A Lightweight Transformer with Convolutional Attention

2020 11th International Conference on Awareness Science and Technology (iCAST) Pub Date : 2020-12-07 DOI:10.1109/iCAST51195.2020.9319489

Kungan Zeng, Incheon Paik

引用次数: 2

Abstract

Neural machine translation (NMT) goes through rapid development because of the application of various deep learning techs. Especially, how to construct a more effective structure of NMT attracts more and more attention. Transformer is a state-of-the-art architecture in NMT. It replies on the self-attention mechanism exactly instead of recurrent neural networks (RNN).
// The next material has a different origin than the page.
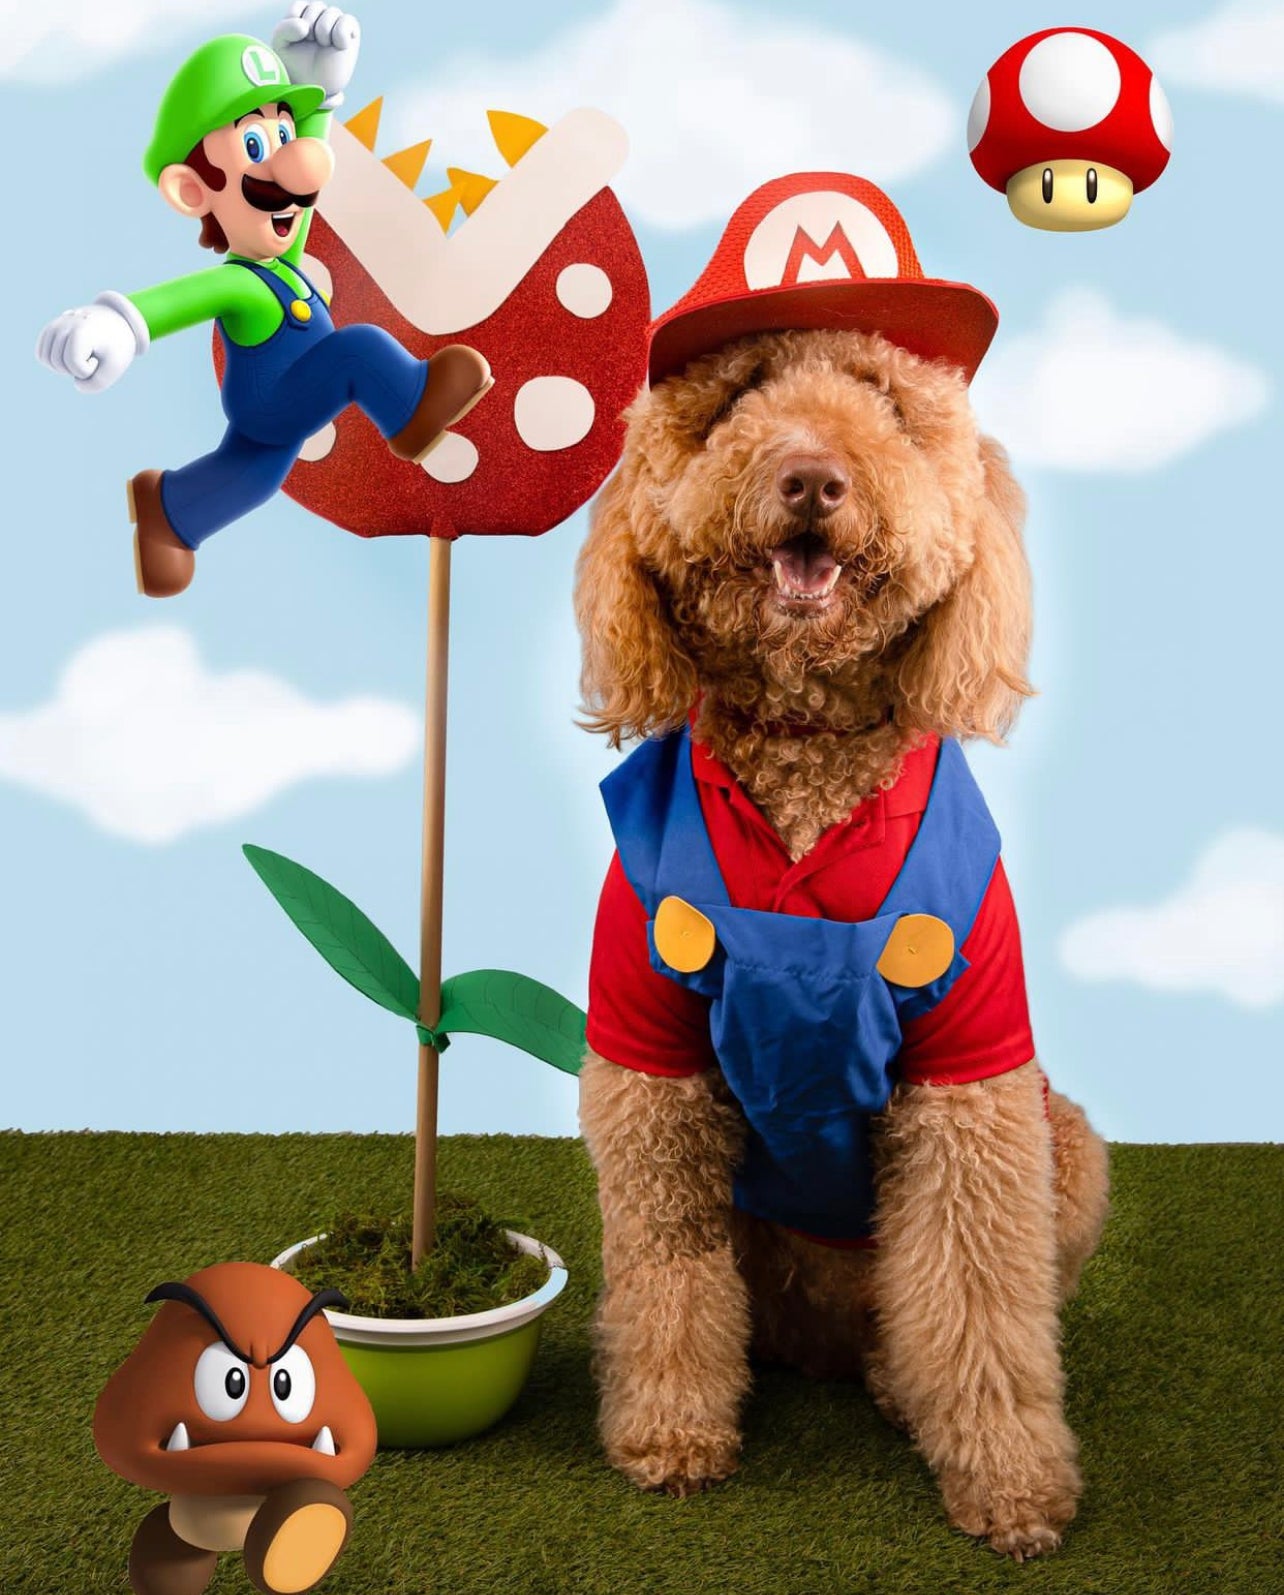 Mario Pet Costume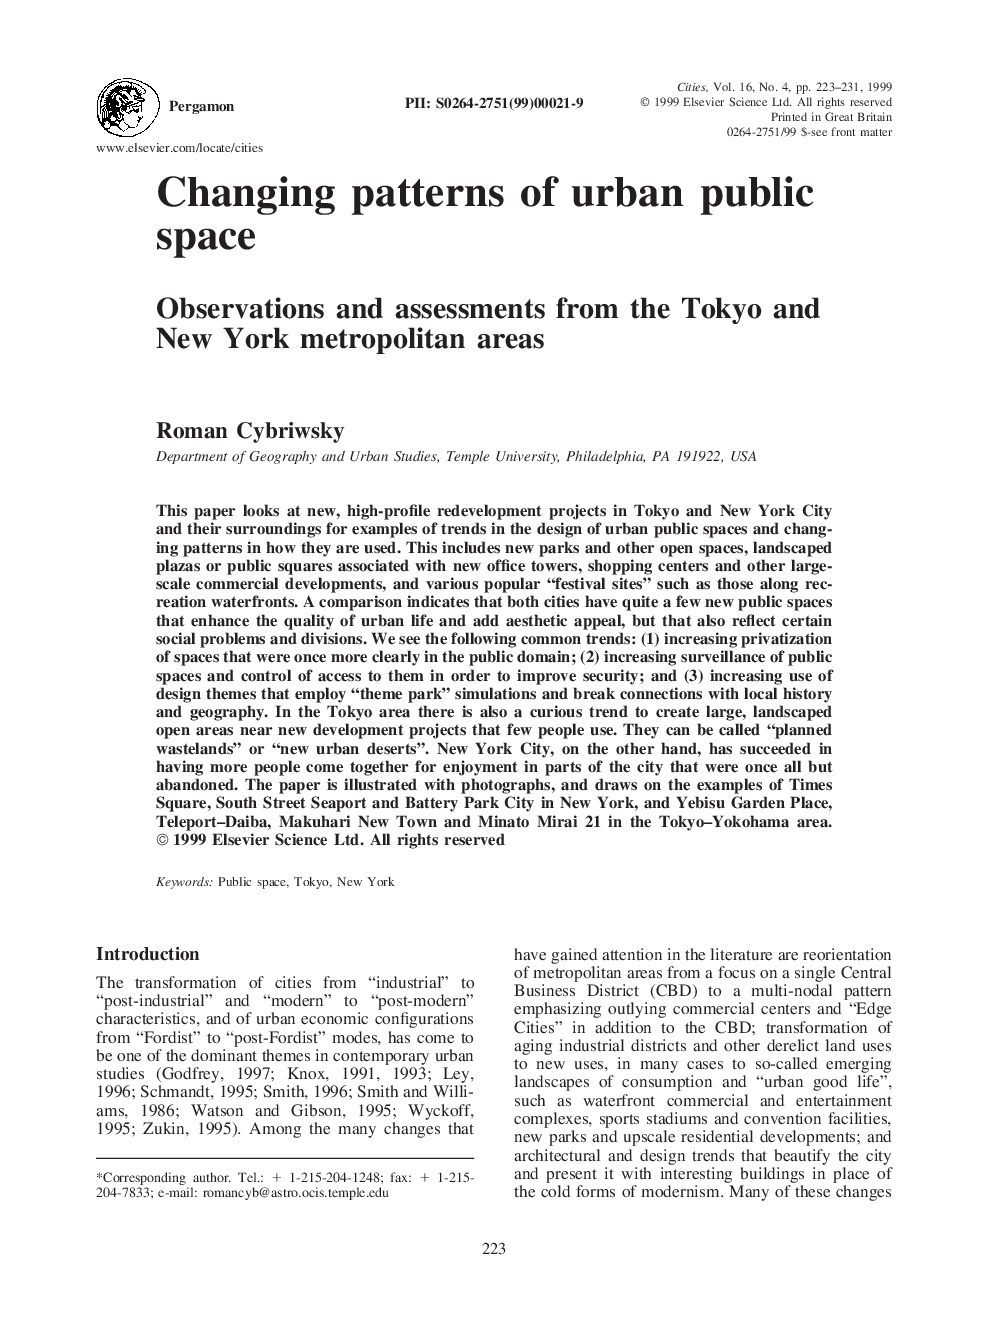 الگوهای در حال تغییر در فضاهای عمومی شهری: مشاهدات و ارزیابی های کلان شهرهای  توکیو و نیویورک

The Multi-head attention is a crucial part that implements the self-attention mechanism, and it also dramatically affects the scale of the model. In this paper, we present a new Multi-head attention by combining convolution operation. In comparison with the base Transformer, our approach can reduce the number of parameters effectively. And we perform a reasoned experiment. The result shows that the performance of the new model is similar to the base model.

查看原文

微信好友朋友圈 QQ好友复制链接

本刊更多论文

具有卷积注意的轻量级变压器

由于各种深度学习技术的应用，神经机器翻译(NMT)得到了快速发展。特别是如何构建一个更有效的网络翻译结构越来越受到人们的关注。Transformer是NMT中最先进的架构。它完全依赖于自注意机制，而不是循环神经网络(RNN)。多头注意是实现自注意机制的关键部分，它对模型的尺度影响很大。本文结合卷积运算，提出了一种新的多头注意算法。与基本变压器相比，我们的方法可以有效地减少参数的数量。我们做了一个合理的实验。结果表明，新模型的性能与基本模型相近。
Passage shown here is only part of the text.